By Tara Clow Jul 27, 2022 | 1:06 PM

(Photo: submitted)

There’s a shortage across the Maritimes, for Slo-pitch, Softball and baseball.

Umpire Chief for Slo-Pitch National Shawn Gladstone says there are 110 games per week for the Hub City Slo-Pitch league alone and that’s just adults, “Softball New Brunswick, and they have programs for youth, they’re worse off than we are.”

Gladstone says you need to have a bit of thick skin to be an official because they are sometimes treated badly by players and some Coaches.

“But umpires should not become be there just to make the $30 per game. We need you to enjoy being on the field. Appreciate the challenge, be mentally tough, and don’t take anything personally. Be a great communicator. Have a feel for the game and understand empathy and emotional intelligence when it comes to how coaches and players are feeling. Sometimes they’ll bring the bad day from work to the ball field. Learn to read off the players and teams and keep a cool head that will make you a success, as far as an umpire goes,” Gladstone adds.

Meantime, he adds, this shortage extends past New Brunswick. “It is across North America, Hockey, football, soccer and other sports. Officials are unfortunately being targetted for abuse and people just don’t want to deal with that on a daily basis.”

In Moncton, there are currently around 19 or 20 Umpires. “We’ve got about three or four newcomers that are currently getting ready to undergo some training. Ideally, we’d like to have five or six more. 30 is the magic number,” Gladstone pointed out.

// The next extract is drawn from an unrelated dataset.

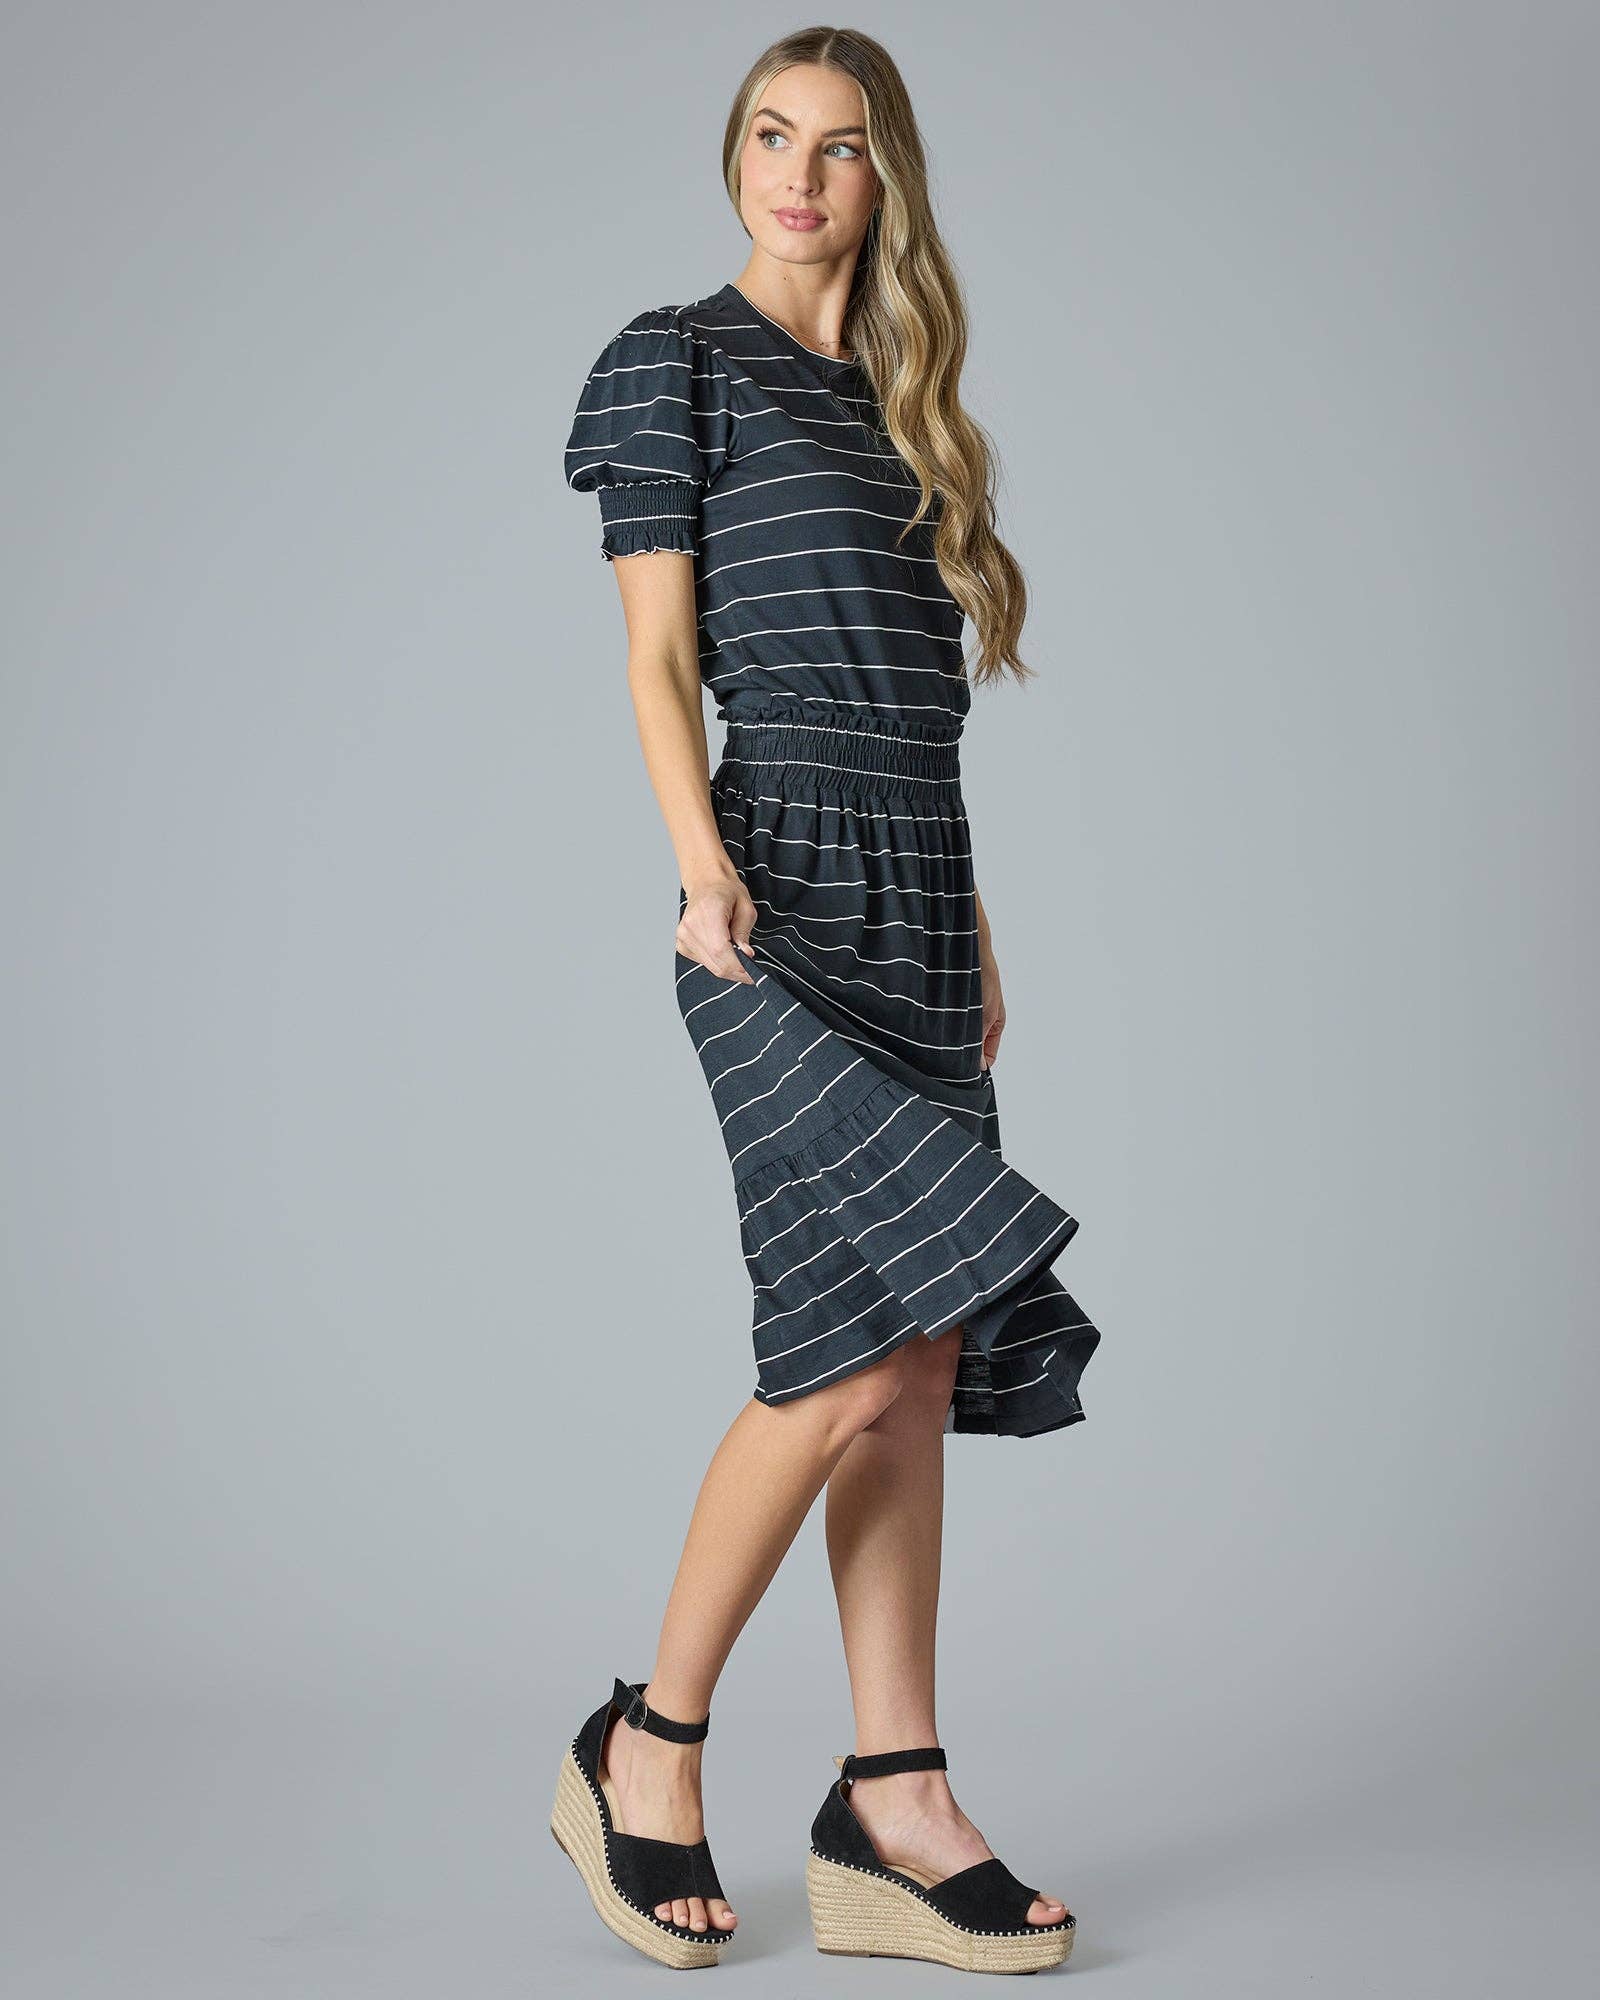 Tres Belle Skirt In Black with White Stripes Spring-Summer Downeast
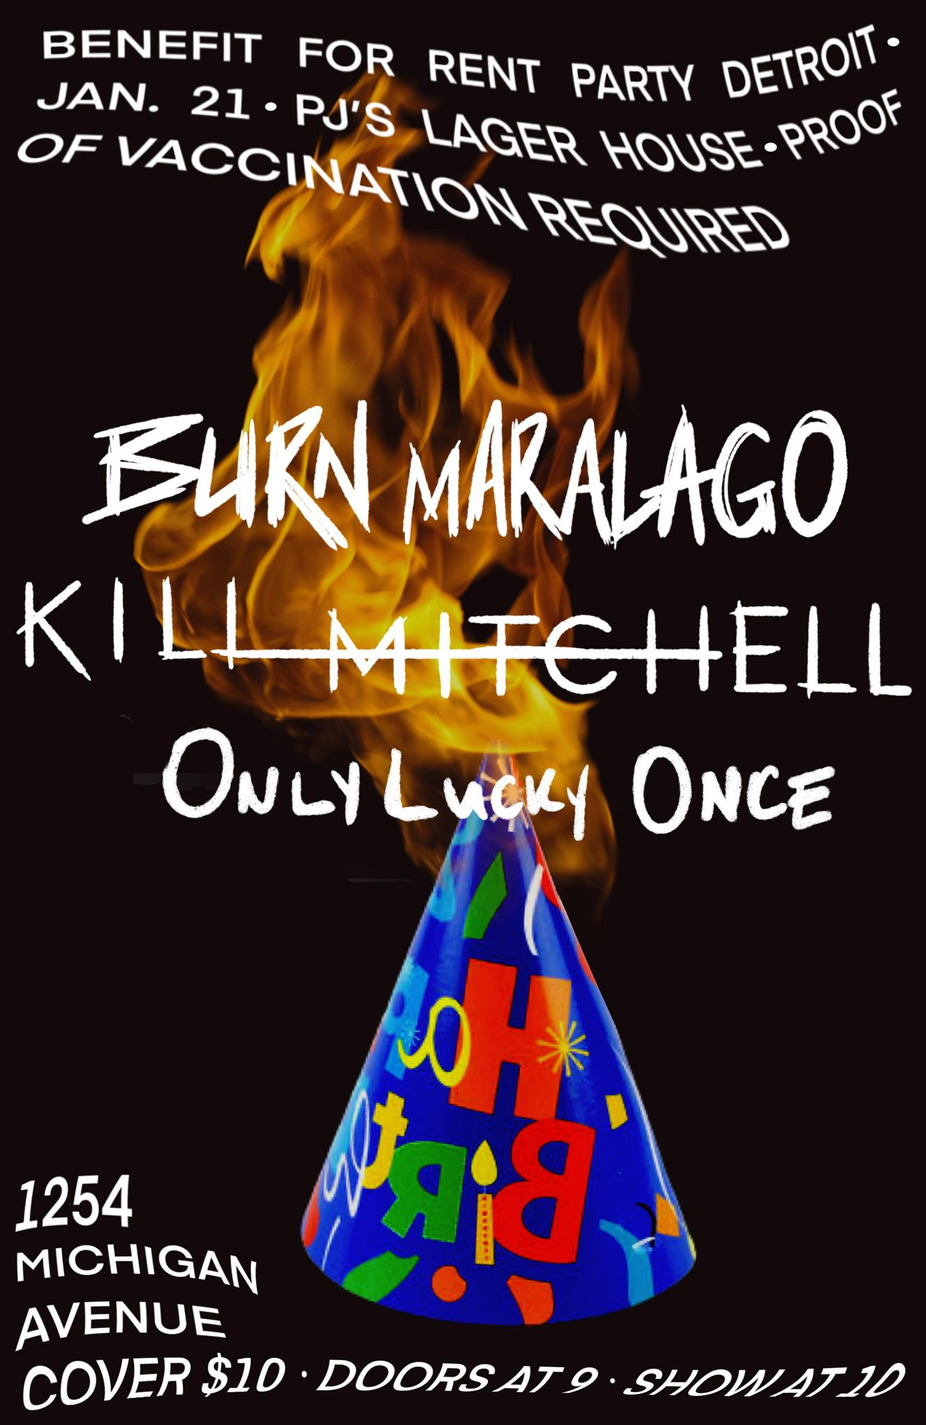 Kill Mitchell, Burn Maralago, Only Lucky Once event photo

To become an umpire, you must be 18 years old in New Brunswick, “Go on to the SPN website and do your test online. It’s 25 true or false questions. From there, once you successfully pass the exam, you go into checkout, you pay your fees (around $85) and that officially gives you your certification. From there, you have to invest in an umpire shirt, and we provide the rule book,” Gladstone states. “We then send that new umpire for the mentor program. We’ll sit with them for a game or so and they’ll watch us and then we’ll let them go behind the plate. We’ll give them pointers and once they reach a certain level of comfort, we’ll send them on their way and it’s very rewarding.”

If you are interested in training to become an Umpire, Gladstone suggests reaching out to anyone in the ball community and they can point you in the right direction.

He feels officials play an important role in the success of a sports league.